During the third quarter, the Company recognized $18.4 million in income tax expense that primarily related to recognizing a full valuation allowance of $18.0 million on deferred tax assets related to the Company's taxable REIT subsidiary and Canadian tax paying entity as a result of the uncertainty of realization created by the COVID-19 pandemic.

Portfolio Update
The Company's total investments (a non-GAAP financial measure) were approximately $6.7 billion at September 30, 2020 with Experiential totaling $5.9 billion, or 89%, and Education totaling $0.8 billion, or 11%.
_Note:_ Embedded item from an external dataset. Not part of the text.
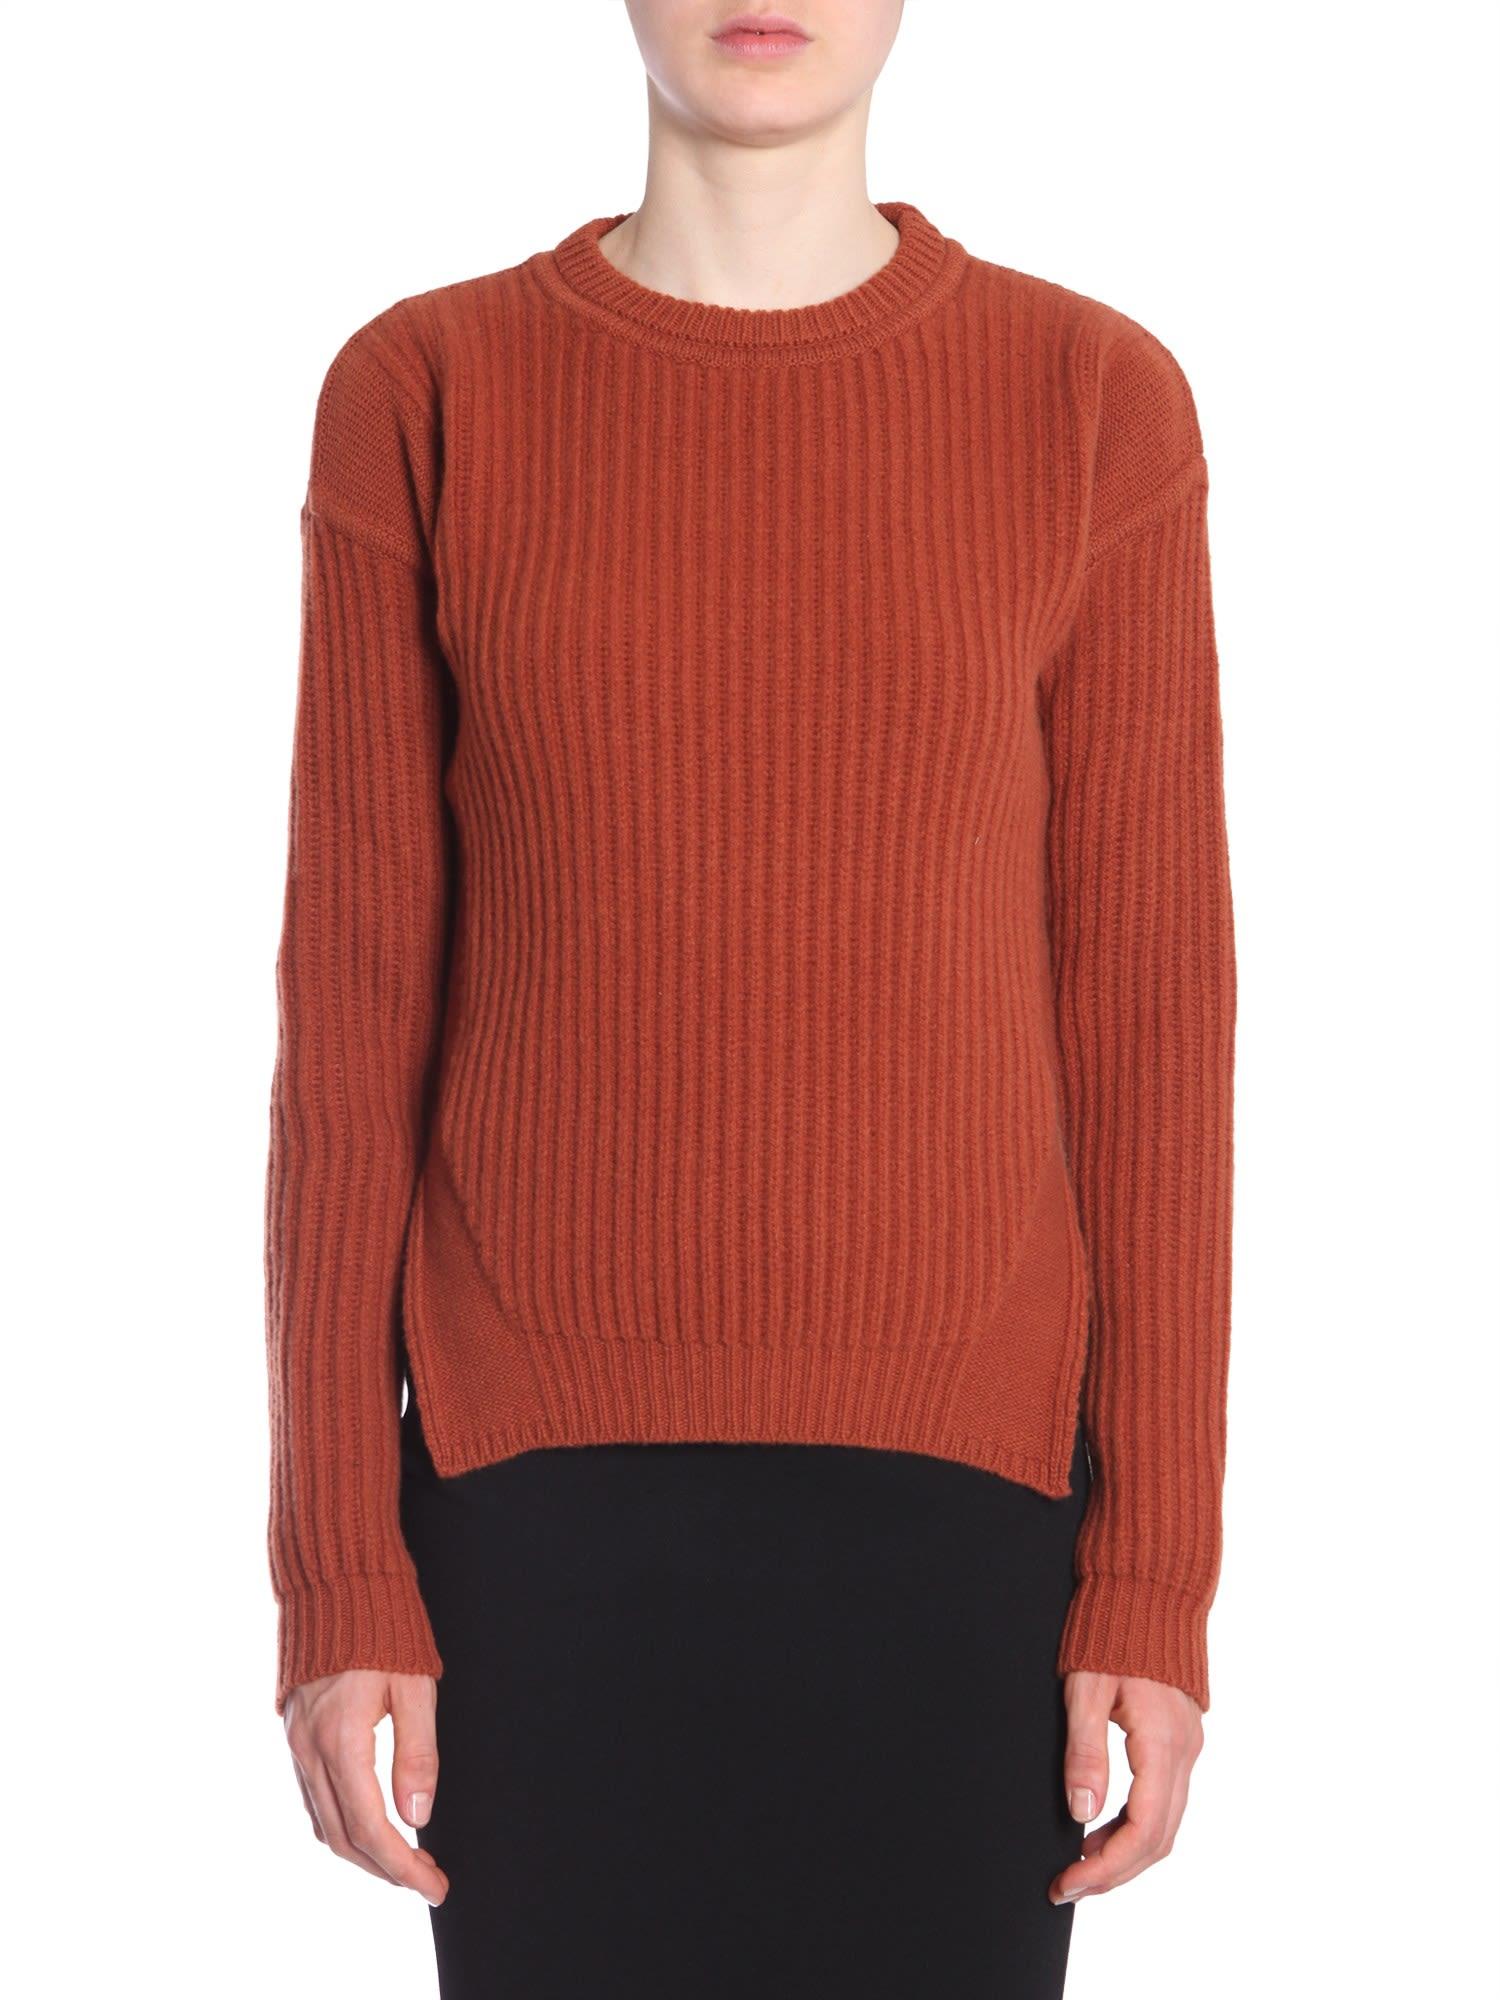 Rick Owens Round Collar Sweater

The Company's Experiential portfolio (excluding property under development) consisted of the following property types (owned or financed) at September 30, 2020:
180 theatre properties;
56 eat & play properties (including seven theatres located in entertainment districts);
18 attraction properties;
13 ski properties;
six experiential lodging properties;
one gaming property;
three cultural properties; and
seven fitness & wellness properties.

As of September 30, 2020, the Company's owned Experiential portfolio consisted of approximately 19.5 million square feet, which was 96.4% leased and included $44.1 million in property under development and $22.8 million in undeveloped land inventory.

The Company's Education portfolio consisted of the following property types (owned or financed) at September 30, 2020:
69 early childhood education center properties; and
16 private school properties.

As of September 30, 2020, the Company's owned Education portfolio consisted of approximately 1.9 million square feet, which was 100% leased and included $3.0 million in undeveloped land inventory.
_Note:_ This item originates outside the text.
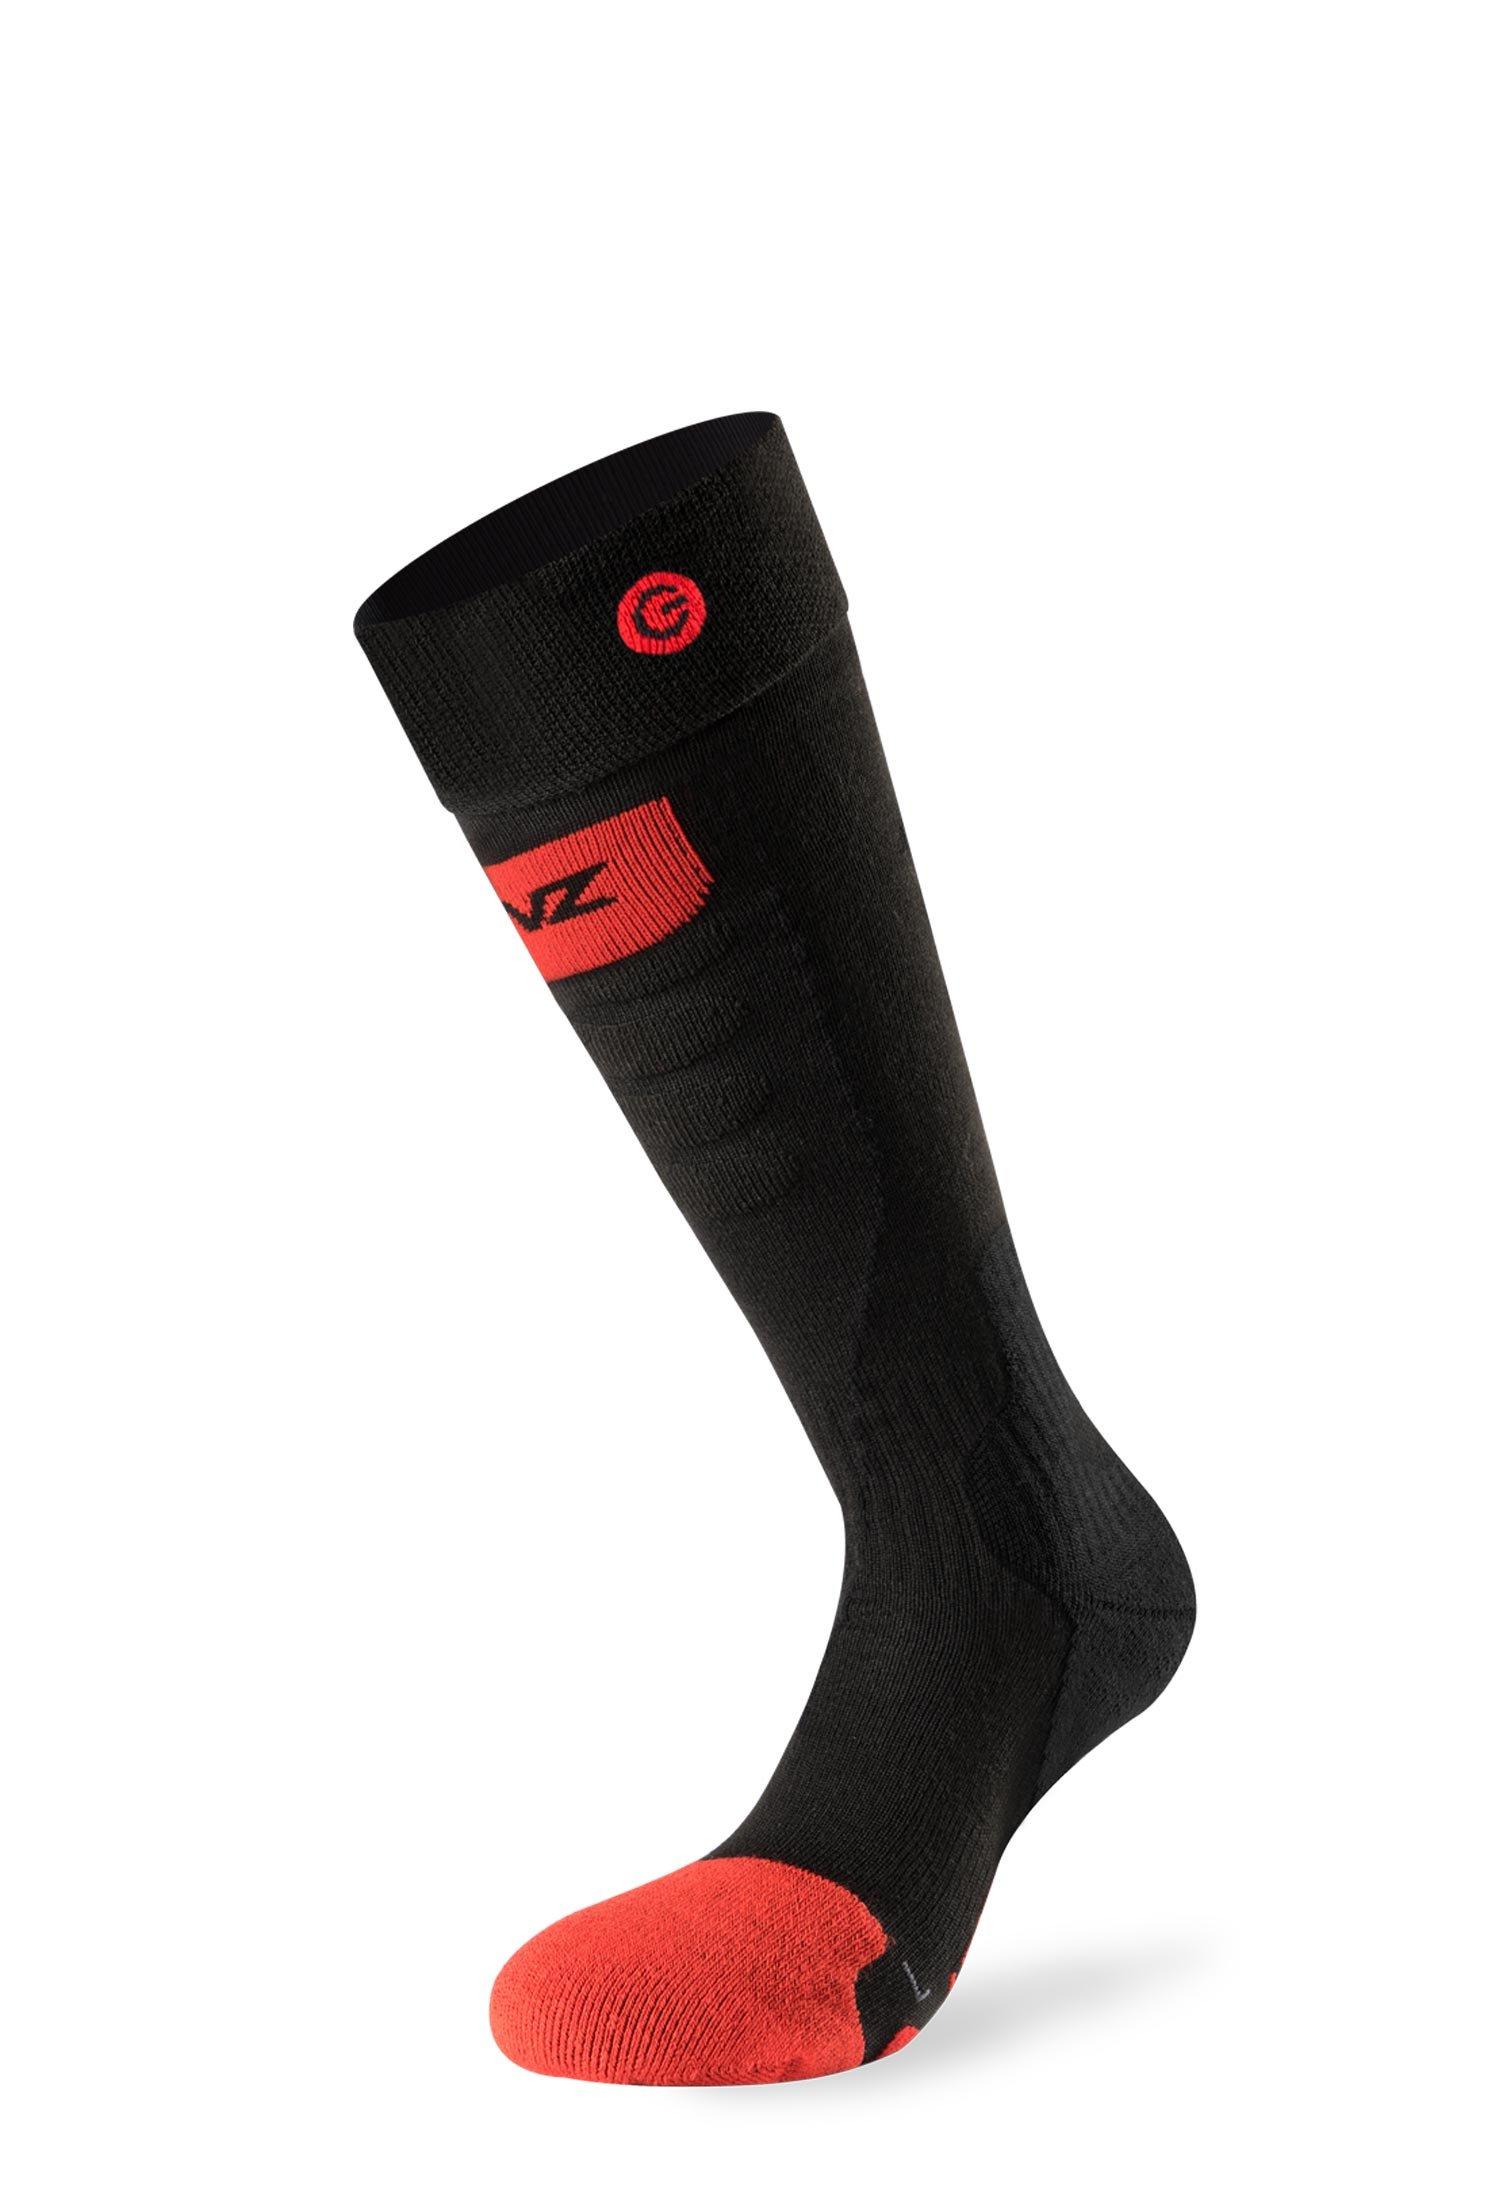 Vyhrievané ponožky Lenz Heat Socks 5.0 Toe Cap Slim Fit

The combined owned portfolio consisted of 21.4 million square feet and was 96.7% leased.

Investment Update
The Company's investment spending for the three months ended September 30, 2020 totaled $8.7 million (bringing the year-to-date investment spending to $62.3 million), and included spending on Experiential build-to-suit development and redevelopment projects.

Balance Sheet and Liquidity Update
At September 30, 2020, the Company's net debt to gross assets ratio (a non-GAAP Financial Measure) was 42%.

At September 30, 2020, the Company had $985.4 million of unrestricted cash on hand and $750.0 million outstanding under its $1.0 billion unsecured revolving credit facility. The Company has no scheduled debt maturities until 2022 when its unsecured revolving credit facility comes due.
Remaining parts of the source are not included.